3. To ensure no difference of potential exists between supply and the
scope it is recommended they both be plugged to same AC power bus
whenever possible. If the same bus cannot be used both AC groundsmust
be at earth potential.
4. Either a twisted pair or preferably a shielded two wire cable should
be used to connect output terminals of P/S to the vertical input
terminals of the scope. When using a shielded two wire it is
essential for the shield to be connected to ground at one end only so
that no ground current will flow through this shielded preventing
induced noise signals in the shielded leads.
5. In measurements where power supply and oscilloscope cases are
connected to ground it may be necessary to use differential scope with
floating inputs as shown in Fig-C.
6. To be absolutely certain that the measurement setup is free from
extremeous signals turn off power supply and with the scope connected
across +S and –S terminals ascertain that no signals are present on
the oscilloscope.

10. SOURCE EFFECT (LINE REGULATION):


DEFINITION:
Formerly known as line regulation is the change in Eout in the steady
state value of DC output voltage due to a change in AC input voltage
over the specified range from low line to high line or from high line
to low line.
PROCEDURE:
a) Adjust DC load current to the specified full load value.
b) Reduce AC line voltage to the specified low line voltage by variac.
c) Note the DC output voltage (VL).
d) Increase AC line voltage to specified high line voltage by variac.
e) Note the DC output voltage (VH).
f) Calculate the line regulation as follows:


%Line Regulation = (VH - VL) X 100/VN.
Where VN = Nominal voltage.
g) Ensure % line regulation is less than or equal to specified value.


11. THRESHOLD CURRENT:

DEFINITION:
Value of output load current for which limiting can be detected by the
departure of the stabilized current from its specified load effect
band.


PROCEDURE:
Keep the AC input voltage at its low line value. Decrease load
resistance slowly and record the value of current at which limiting
action is first detected as a reduction in the stabilized output
voltage below the load effect band. Reduce current to its full load
value.
Repeat above procedure with high line AC voltage.


SHORT CIRCUIT PROTECTION:
Keep the AC input voltage at its nominal value. Short the output
terminals with a suitable wire. Remove the short after 30 minutes.
Ensure DC output voltage returns to its nominal value after removal of
short.








EFFICIENCY TEST:
DEFINITION:
It is the ratio of output power (rated voltage X full load current) to
the AC input power measured when the power supply is delivering full
load current at rated output voltage.


PROCEDURE:
Connect a wattmeter at the AC input side. Put ON AC power supply and
adjust input voltage to rated value.
Adjust the output voltage to rated value and current to full load
value.
Note the AC input power.
% Efficiency = Output voltage X Output current / AC input power.
Ensure % efficiency calculated is not less than specified value.

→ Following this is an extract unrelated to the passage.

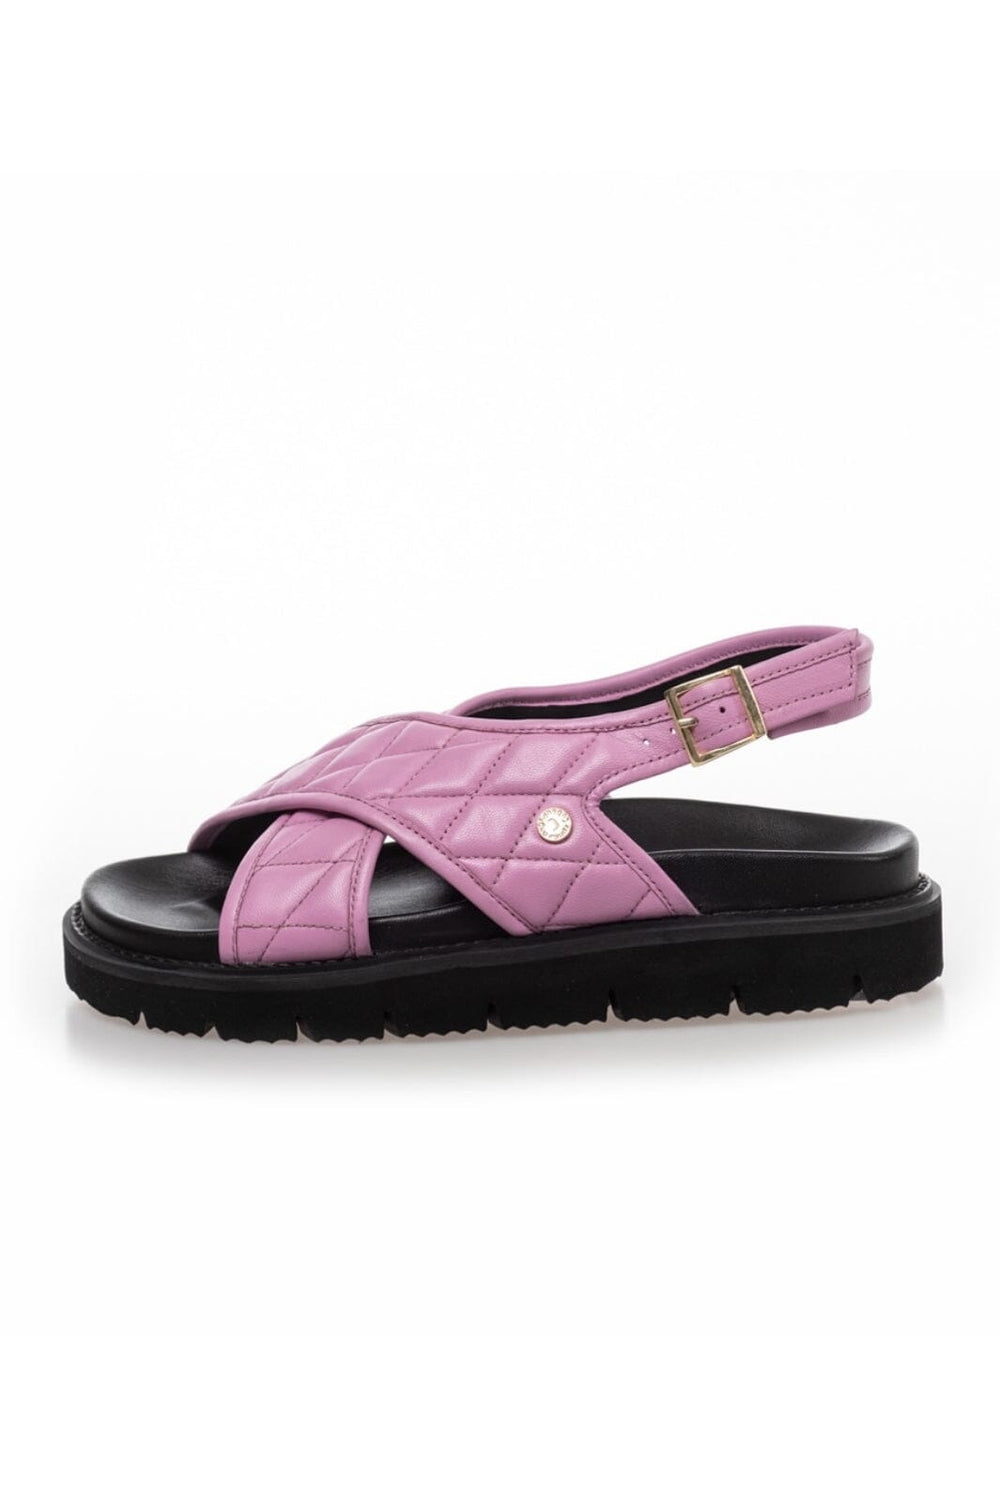 Forudbestilling - Copenhagen Shoes - Going Wild - 0044 Pink - (Marts/April) Sandaler

12. EFFECT TRNSIENT RECOVERY TIME :


Refer FIG-2


DEFINITION :


The time 'X' for the output to recover and stay within 'Y' milli volts
of nominal output voltage following a 'Z' amp. Set change in load
current.


Where 'Y' is generally of the same order as the load regulation
specified.


Nominal output voltage is defined as the DC level half way between the
steady state output voltage before and after the imposed load change.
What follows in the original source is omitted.